### What to produce:
The task requires repeating, word for word, the lines from the one with "People protest China's" through the end of the material, leaving out all pictures.

### Given data:
::::

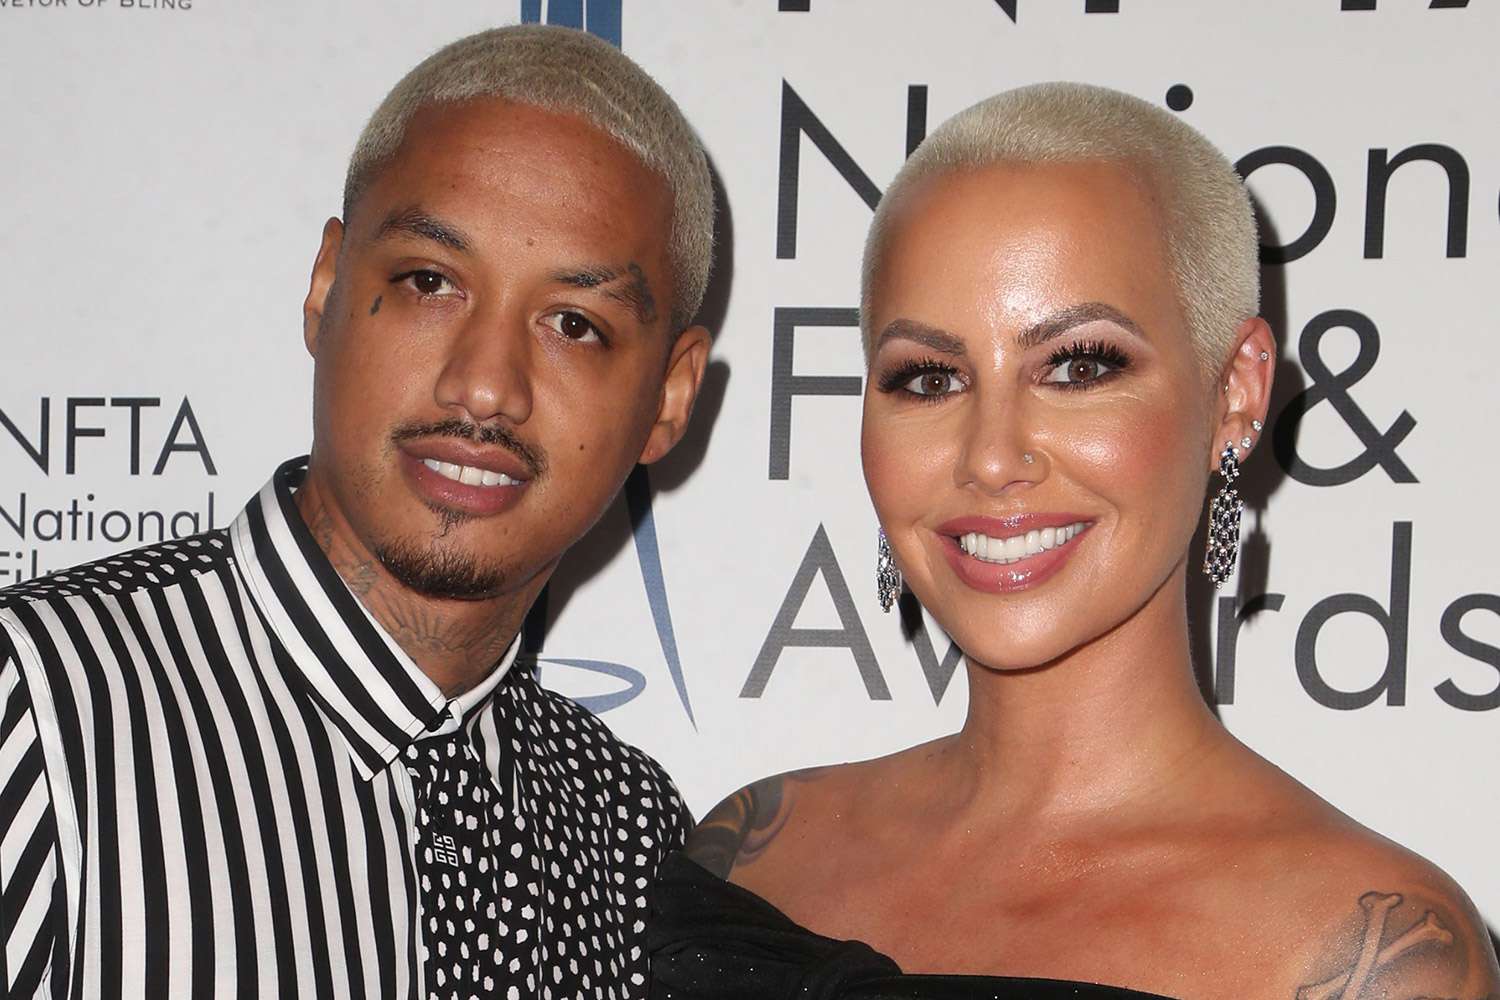 Amber Rose's Partner Alexander 'AE' Edwards Admits to Cheating on Her with 12 女性
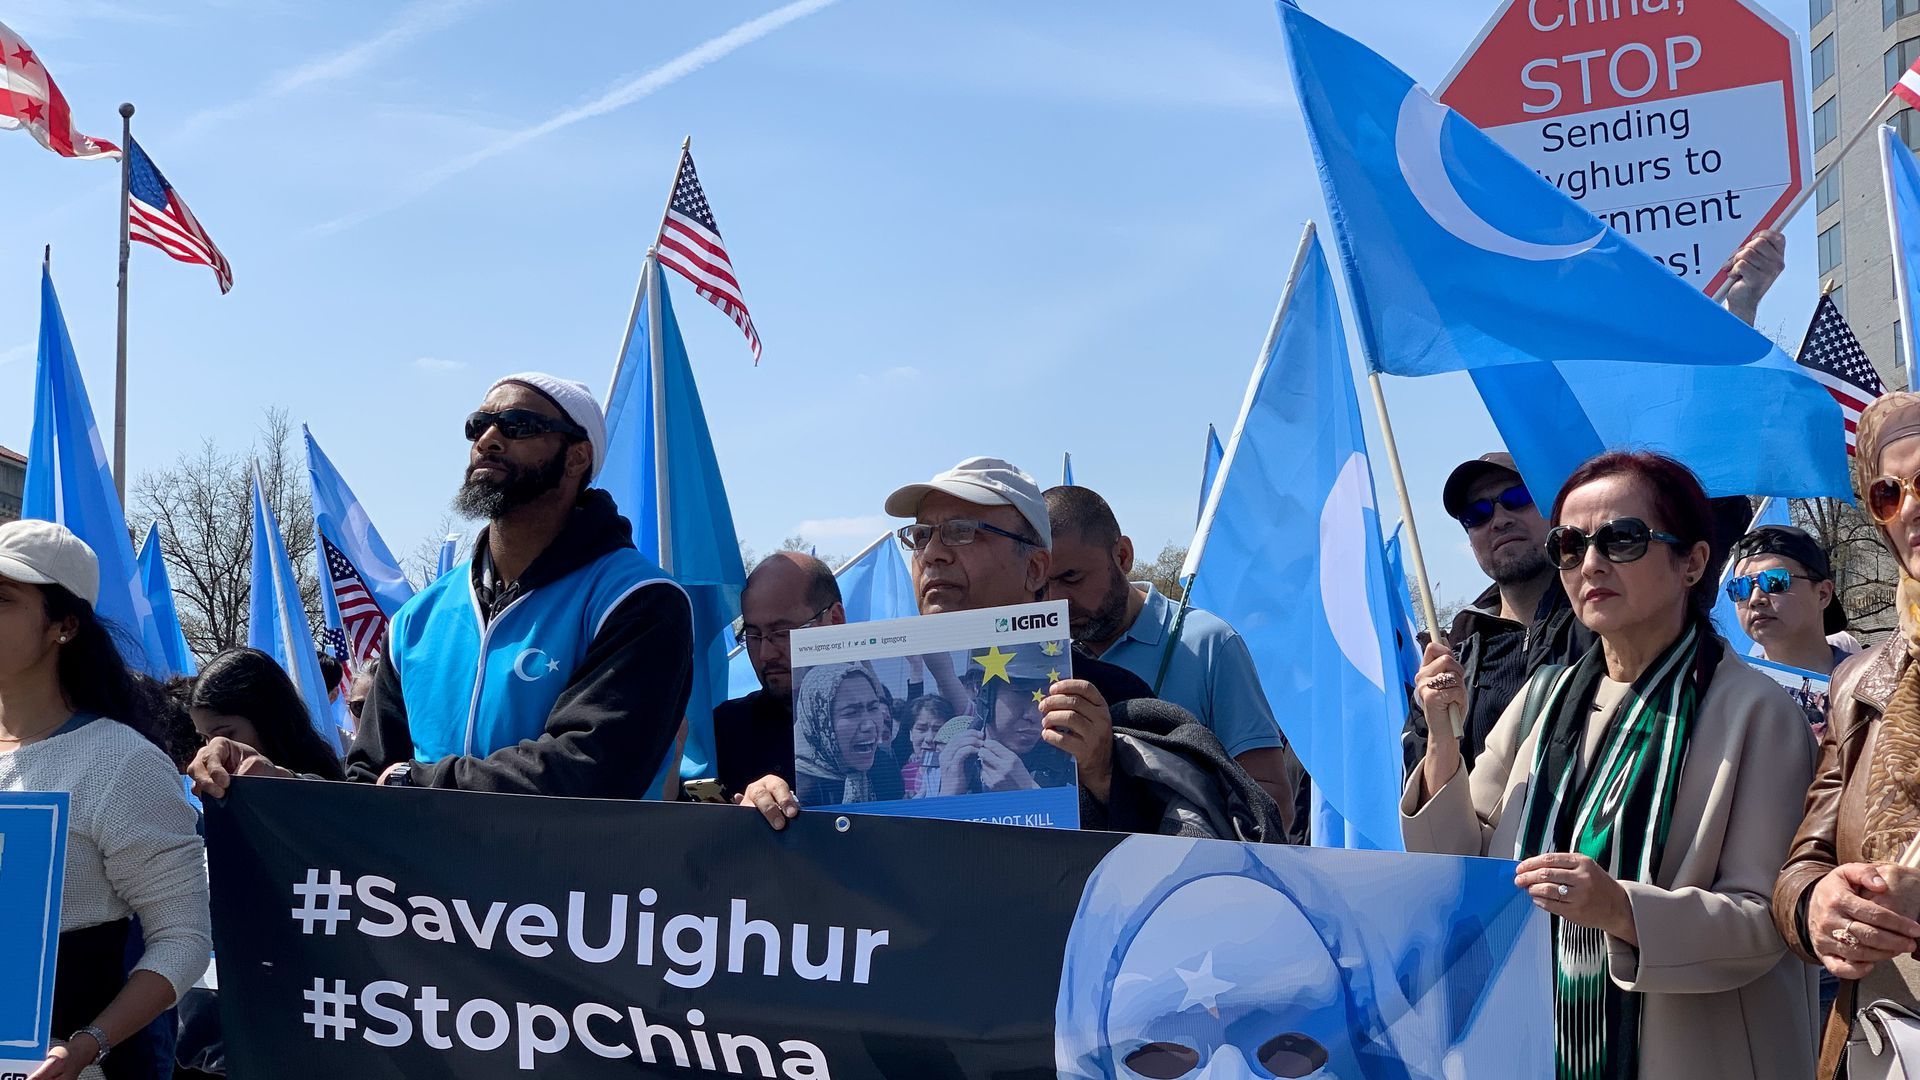 People protest China's human rights abuses against Uyghur Muslims in Xinjiang province on April 6, 2019, in Washington, D.C. 
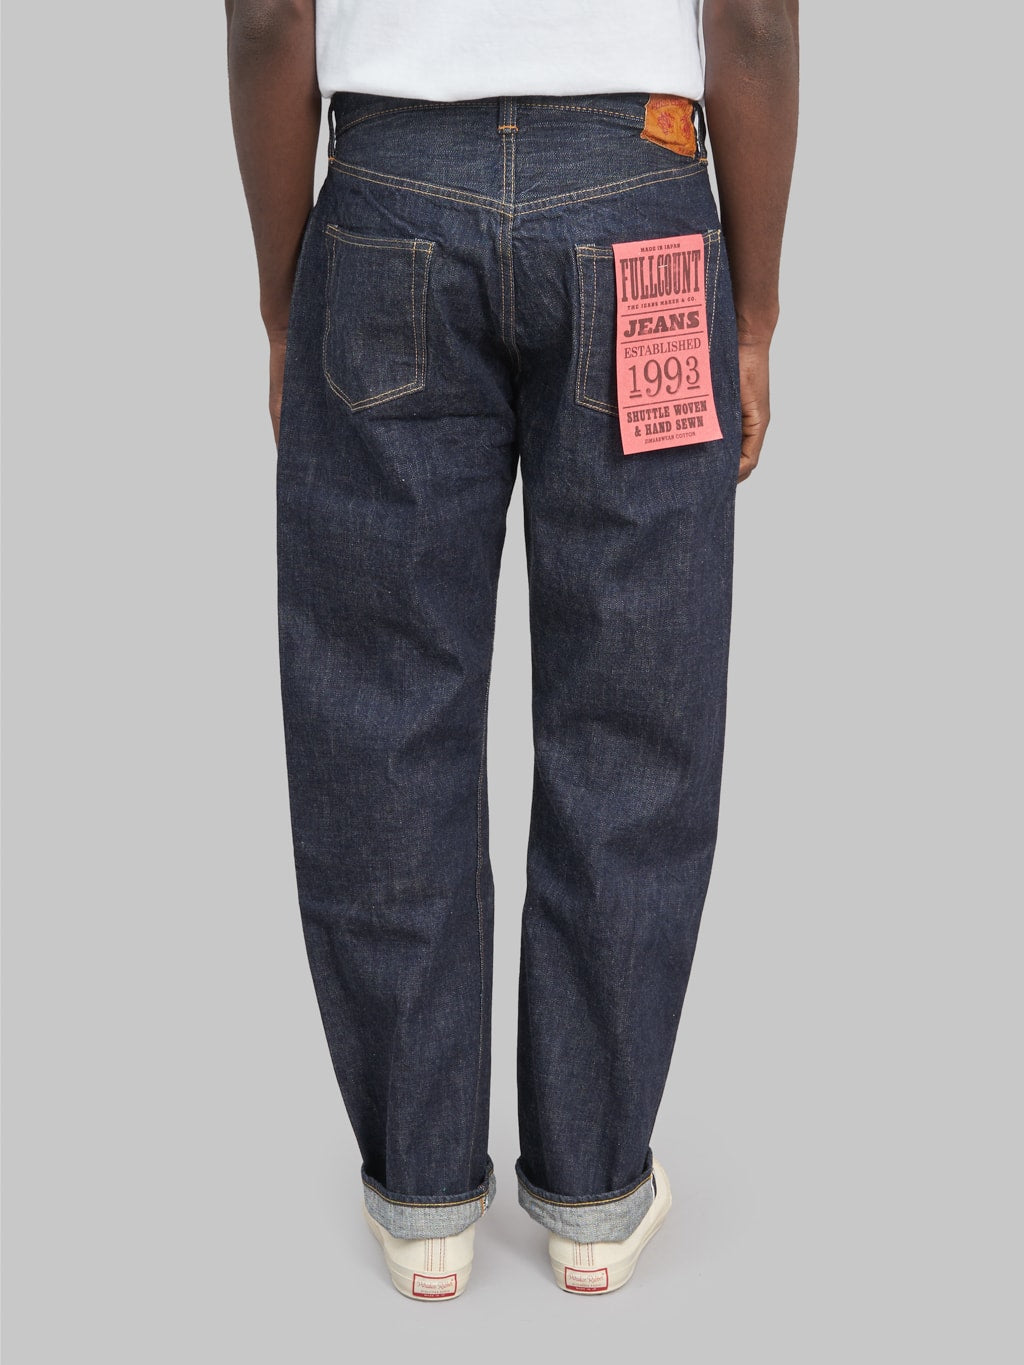 Fullcount 0105W 13.7oz Wide Straight Jeans

::::

### Solved problem:
 People protest China's human rights abuses against Uyghur Muslims in Xinjiang province on April 6, 2019, in Washington, D.C. 
 Fullcount 0105W 13.7oz Wide Straight Jeans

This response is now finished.